The first glimpse of the distributed nature of structural abnormalities in mTLE came from Sisodiya and colleagues 98. Instead of manually tracing structures with defined borders, they divided each hemisphere into blocks and quantified the amount of cortical gray matter and white matter throughout the entire brain. Each anatomical block of a patient with mTLE was compared to normal controls in order to assess for disproportional distribution of gray and white matter. Indeed, a majority of patients with hippocampal sclerosis had diffuse abnormalities throughout the cerebral cortex, but the exact location could not be elucidated from this technique.
With the emergence of automated analysis tools such as voxel based morphometry (VBM), the whole brain now can be scrutinized voxel by voxel in the same patient group to more precisely localize brain regions that are affected in mTLE. This unbiased examination of the entire brain facilitated appreciation of the distribution and relative degree of structural burden carried by many patients. In that regard, a very helpful summary of the presence and distribution of structural abnormalities associated with TLE is provided by Keller and Roberts 99. They summarized 18 VBM studies and found 26 brain regions that showed reduced volumes in TLE, compared to healthy controls. The distribution of abnormalities was widespread, involving mesial, extramesial temporal lobe, subcortical and extratemporal lobe cortical regions.

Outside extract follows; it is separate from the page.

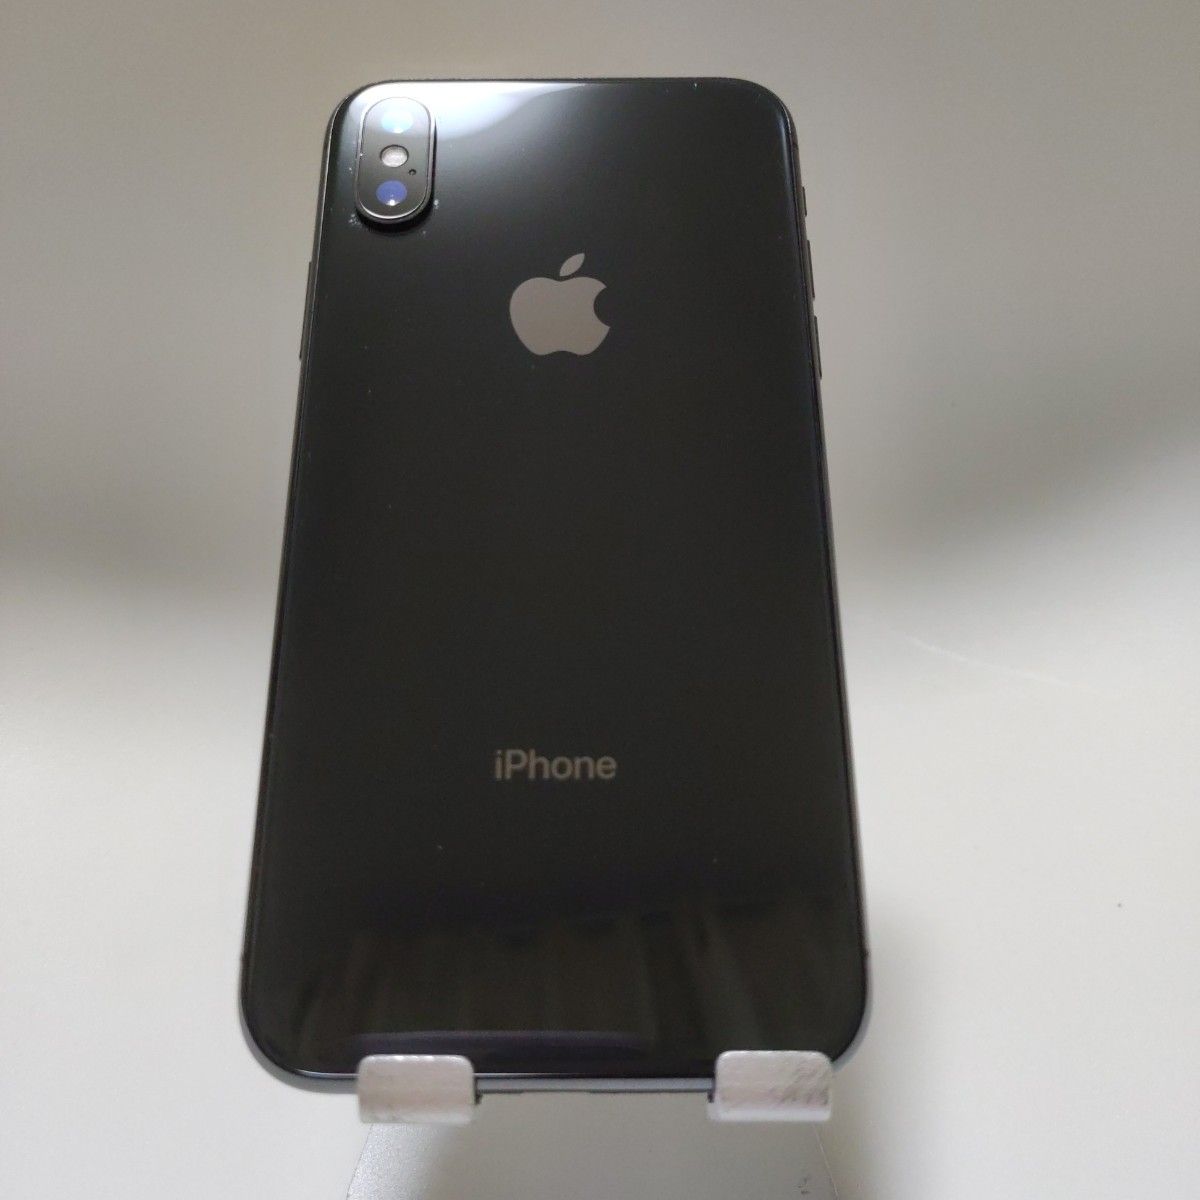 スマートフォン/携帯電話 スマートフォン本体 海外花系 iPhone x 64GB スペースグレイ SIMフリー - 通販

Although VBM studies provide an anatomical profile of the extent of abnormalities, the pathological nature of these changes was uncertain 99. Gray matter measurements in VBM are sensitive to both losses in gray matter as well as increases in CSF volume, as well as differences in cortical surface curvature, which cannot be distinguished from each other. These limitations provided the impetus to examine changes in other brain features such as indices of gyrification, cortical thickness, and surface area. Lin and colleagues examined cortical thickness in a group of mTLE patients with pathologically confirmed hippocampal sclerosis and found that these patients to have up to a 30% decrease in cortical thickness, with significant thinning of frontal poles, frontal operculum, orbitofrontal, lateral temporal, and occipital regions (Figure 4, a and b). Interestingly, reductions in cortical thickness were evident in bilateral cerebral hemispheres, despite unilateral seizure onset 100. Other investigators have also reported bilateral cortical mantel thinning in select regions throughout the entire cerebral cortex, but most consistently in the frontal, central and temporal regions101–103. Widespread abnormalities in gyrification patterns were found in multiple cortical regions, both ipsilateral and contralateral
In addition to gray matter abnormalities, aberrant white matter tracts and connections are present in chronic TLE. The advent of diffusion tensor imaging (DTI) techniques has allowed investigators to measure white matter tract integrity by assessing magnetic resonance signal of water diffusion and its directionality in three-dimensional space. Parallel to early quantitative gray matter volumetric studies, initial DTI studies also focused on the limbic system and found diffusion abnormalities in the bilateral of fornix and cingulum 104. Postulating on a more diffuse epileptogenic network in TLE, other investigations extended this initial finding to frontal-temporal (uncinate fasciculus and arcuate fasciculus) 105–107, temporal-occipital (inferior longitudinal fasciculus)108, frontal-occipital (inferior frontal occipital fasciculus)108 and interhemispheric connections (corpus callosum) 109–111. More recently, whole brain voxelwise analysis techniques have mapped white matter profiles and delineated systemic differences between TLE patients and healthy individuals, without a priori bias for specific tracts or brain regions. Focke and colleagues (2008) used such a voxelwise technique to evaluate diffusion abnormalities in patients with mTLE and found that reduced white matter integrity was present in mesial and lateral temporal lobe, limbic system (thalamus, fornix and cingulum), and extratemporal regions (arcuate fasciculus, external capsule and corpus collosum), The white matter changes were more pronounced ipsilateral to side of seizure onset (Figure 4, c)112. Other studies have also showed demonstrated extensive bilateral white matter diffusion abnormalities, particularly in the temporal and frontal lobes ipsilateral to the side of seizure onset 113–115.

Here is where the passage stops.